Among the entries below, one line contains "The Oddities WWF Promo Photo" and another contains "Goplus Gaming Chairs". Transcribe those two lines and every line between them, exactly.

**SOURCE MATERIAL**
┌──

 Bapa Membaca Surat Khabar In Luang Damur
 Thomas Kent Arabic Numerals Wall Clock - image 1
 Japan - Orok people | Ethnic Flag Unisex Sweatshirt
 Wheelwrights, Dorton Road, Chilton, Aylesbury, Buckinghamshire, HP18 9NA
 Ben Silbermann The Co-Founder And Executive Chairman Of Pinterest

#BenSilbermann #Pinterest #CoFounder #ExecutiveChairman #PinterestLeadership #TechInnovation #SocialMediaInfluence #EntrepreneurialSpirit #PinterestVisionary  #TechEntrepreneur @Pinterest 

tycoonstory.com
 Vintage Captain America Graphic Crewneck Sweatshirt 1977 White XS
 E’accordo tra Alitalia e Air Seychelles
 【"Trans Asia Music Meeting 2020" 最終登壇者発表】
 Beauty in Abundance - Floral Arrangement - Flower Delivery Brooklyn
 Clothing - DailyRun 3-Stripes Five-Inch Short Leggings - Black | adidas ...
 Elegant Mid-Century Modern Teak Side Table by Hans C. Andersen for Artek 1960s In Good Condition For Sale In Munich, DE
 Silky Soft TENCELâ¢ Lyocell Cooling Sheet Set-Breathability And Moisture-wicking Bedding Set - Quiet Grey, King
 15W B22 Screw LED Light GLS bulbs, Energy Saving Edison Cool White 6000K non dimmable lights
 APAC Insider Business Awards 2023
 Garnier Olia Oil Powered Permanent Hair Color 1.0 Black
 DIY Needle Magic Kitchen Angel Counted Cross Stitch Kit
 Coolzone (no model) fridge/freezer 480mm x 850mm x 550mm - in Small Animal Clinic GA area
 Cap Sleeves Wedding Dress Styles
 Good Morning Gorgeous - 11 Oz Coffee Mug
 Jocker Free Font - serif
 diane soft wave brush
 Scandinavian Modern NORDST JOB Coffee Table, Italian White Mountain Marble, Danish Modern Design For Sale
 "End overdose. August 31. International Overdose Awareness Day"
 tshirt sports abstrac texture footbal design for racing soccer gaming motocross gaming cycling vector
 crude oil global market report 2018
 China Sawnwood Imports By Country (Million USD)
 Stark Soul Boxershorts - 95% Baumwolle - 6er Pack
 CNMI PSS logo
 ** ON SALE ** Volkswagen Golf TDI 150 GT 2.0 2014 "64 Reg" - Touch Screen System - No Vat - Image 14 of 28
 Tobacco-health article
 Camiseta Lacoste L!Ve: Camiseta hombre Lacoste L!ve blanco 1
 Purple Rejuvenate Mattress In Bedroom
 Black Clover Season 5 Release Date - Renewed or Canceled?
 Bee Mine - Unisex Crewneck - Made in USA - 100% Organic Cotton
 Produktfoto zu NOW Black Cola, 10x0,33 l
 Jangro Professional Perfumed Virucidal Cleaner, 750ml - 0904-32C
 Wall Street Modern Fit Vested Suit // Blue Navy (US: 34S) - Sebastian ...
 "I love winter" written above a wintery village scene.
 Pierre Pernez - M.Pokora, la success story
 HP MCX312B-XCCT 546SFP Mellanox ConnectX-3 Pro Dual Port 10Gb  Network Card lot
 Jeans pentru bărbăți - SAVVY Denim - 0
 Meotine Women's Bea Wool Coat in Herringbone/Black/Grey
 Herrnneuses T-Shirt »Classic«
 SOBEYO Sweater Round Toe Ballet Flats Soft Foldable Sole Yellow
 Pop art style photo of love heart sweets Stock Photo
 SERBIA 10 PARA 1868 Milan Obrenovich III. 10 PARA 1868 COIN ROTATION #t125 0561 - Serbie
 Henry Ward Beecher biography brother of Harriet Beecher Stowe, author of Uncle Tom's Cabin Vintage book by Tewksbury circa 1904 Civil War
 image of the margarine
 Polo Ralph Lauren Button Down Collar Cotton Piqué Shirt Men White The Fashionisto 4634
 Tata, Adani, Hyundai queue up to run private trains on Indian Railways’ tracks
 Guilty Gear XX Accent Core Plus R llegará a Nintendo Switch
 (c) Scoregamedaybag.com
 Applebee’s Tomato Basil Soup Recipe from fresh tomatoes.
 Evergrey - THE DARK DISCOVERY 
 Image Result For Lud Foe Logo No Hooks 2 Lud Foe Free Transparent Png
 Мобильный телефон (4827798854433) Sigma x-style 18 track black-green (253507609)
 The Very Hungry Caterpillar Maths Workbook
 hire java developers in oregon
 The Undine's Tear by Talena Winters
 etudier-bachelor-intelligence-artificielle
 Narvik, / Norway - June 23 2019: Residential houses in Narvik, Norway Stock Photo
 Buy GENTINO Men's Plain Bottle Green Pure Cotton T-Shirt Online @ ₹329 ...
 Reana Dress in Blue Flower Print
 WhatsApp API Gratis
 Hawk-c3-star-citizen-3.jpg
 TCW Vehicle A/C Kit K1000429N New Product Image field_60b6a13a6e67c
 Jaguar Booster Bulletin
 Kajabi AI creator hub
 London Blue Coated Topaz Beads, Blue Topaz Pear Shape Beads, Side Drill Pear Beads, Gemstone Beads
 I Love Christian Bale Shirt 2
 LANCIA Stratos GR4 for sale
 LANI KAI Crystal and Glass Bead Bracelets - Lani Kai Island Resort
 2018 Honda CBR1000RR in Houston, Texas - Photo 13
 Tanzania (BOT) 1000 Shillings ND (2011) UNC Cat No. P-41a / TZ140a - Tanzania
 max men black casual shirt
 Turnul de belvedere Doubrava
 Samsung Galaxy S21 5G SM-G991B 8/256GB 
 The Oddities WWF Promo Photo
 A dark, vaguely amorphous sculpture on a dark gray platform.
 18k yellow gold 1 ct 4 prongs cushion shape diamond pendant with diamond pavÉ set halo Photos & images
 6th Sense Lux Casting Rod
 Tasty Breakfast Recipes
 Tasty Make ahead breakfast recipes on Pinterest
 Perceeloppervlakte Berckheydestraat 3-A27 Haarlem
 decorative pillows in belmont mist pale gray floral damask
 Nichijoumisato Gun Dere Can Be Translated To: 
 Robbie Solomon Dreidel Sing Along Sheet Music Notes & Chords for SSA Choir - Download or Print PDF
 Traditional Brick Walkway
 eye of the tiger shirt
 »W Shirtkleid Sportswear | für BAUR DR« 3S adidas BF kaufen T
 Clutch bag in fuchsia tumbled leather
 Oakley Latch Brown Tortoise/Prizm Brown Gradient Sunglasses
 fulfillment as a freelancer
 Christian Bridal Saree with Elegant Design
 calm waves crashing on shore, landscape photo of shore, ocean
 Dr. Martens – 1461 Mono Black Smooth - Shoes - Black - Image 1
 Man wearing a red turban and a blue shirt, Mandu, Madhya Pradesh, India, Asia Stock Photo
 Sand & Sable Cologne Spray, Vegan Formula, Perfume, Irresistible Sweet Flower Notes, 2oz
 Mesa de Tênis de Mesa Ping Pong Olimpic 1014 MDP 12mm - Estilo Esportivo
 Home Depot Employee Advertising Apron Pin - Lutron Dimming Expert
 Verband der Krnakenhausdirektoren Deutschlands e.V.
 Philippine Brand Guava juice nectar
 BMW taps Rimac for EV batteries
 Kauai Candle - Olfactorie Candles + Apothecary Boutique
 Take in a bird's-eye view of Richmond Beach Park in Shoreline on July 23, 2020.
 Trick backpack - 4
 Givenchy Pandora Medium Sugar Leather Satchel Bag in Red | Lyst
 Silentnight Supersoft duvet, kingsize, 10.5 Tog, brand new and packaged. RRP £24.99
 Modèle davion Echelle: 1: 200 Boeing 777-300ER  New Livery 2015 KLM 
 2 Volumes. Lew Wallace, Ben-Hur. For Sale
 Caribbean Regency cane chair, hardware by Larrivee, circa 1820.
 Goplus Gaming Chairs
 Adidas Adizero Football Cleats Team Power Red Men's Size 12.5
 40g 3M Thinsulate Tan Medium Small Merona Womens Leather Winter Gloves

└──

**FINAL ANSWER**
 The Oddities WWF Promo Photo
 A dark, vaguely amorphous sculpture on a dark gray platform.
 18k yellow gold 1 ct 4 prongs cushion shape diamond pendant with diamond pavÉ set halo Photos & images
 6th Sense Lux Casting Rod
 Tasty Breakfast Recipes
 Tasty Make ahead breakfast recipes on Pinterest
 Perceeloppervlakte Berckheydestraat 3-A27 Haarlem
 decorative pillows in belmont mist pale gray floral damask
 Nichijoumisato Gun Dere Can Be Translated To: 
 Robbie Solomon Dreidel Sing Along Sheet Music Notes & Chords for SSA Choir - Download or Print PDF
 Traditional Brick Walkway
 eye of the tiger shirt
 »W Shirtkleid Sportswear | für BAUR DR« 3S adidas BF kaufen T
 Clutch bag in fuchsia tumbled leather
 Oakley Latch Brown Tortoise/Prizm Brown Gradient Sunglasses
 fulfillment as a freelancer
 Christian Bridal Saree with Elegant Design
 calm waves crashing on shore, landscape photo of shore, ocean
 Dr. Martens – 1461 Mono Black Smooth - Shoes - Black - Image 1
 Man wearing a red turban and a blue shirt, Mandu, Madhya Pradesh, India, Asia Stock Photo
 Sand & Sable Cologne Spray, Vegan Formula, Perfume, Irresistible Sweet Flower Notes, 2oz
 Mesa de Tênis de Mesa Ping Pong Olimpic 1014 MDP 12mm - Estilo Esportivo
 Home Depot Employee Advertising Apron Pin - Lutron Dimming Expert
 Verband der Krnakenhausdirektoren Deutschlands e.V.
 Philippine Brand Guava juice nectar
 BMW taps Rimac for EV batteries
 Kauai Candle - Olfactorie Candles + Apothecary Boutique
 Take in a bird's-eye view of Richmond Beach Park in Shoreline on July 23, 2020.
 Trick backpack - 4
 Givenchy Pandora Medium Sugar Leather Satchel Bag in Red | Lyst
 Silentnight Supersoft duvet, kingsize, 10.5 Tog, brand new and packaged. RRP £24.99
 Modèle davion Echelle: 1: 200 Boeing 777-300ER  New Livery 2015 KLM 
 2 Volumes. Lew Wallace, Ben-Hur. For Sale
 Caribbean Regency cane chair, hardware by Larrivee, circa 1820.
 Goplus Gaming Chairs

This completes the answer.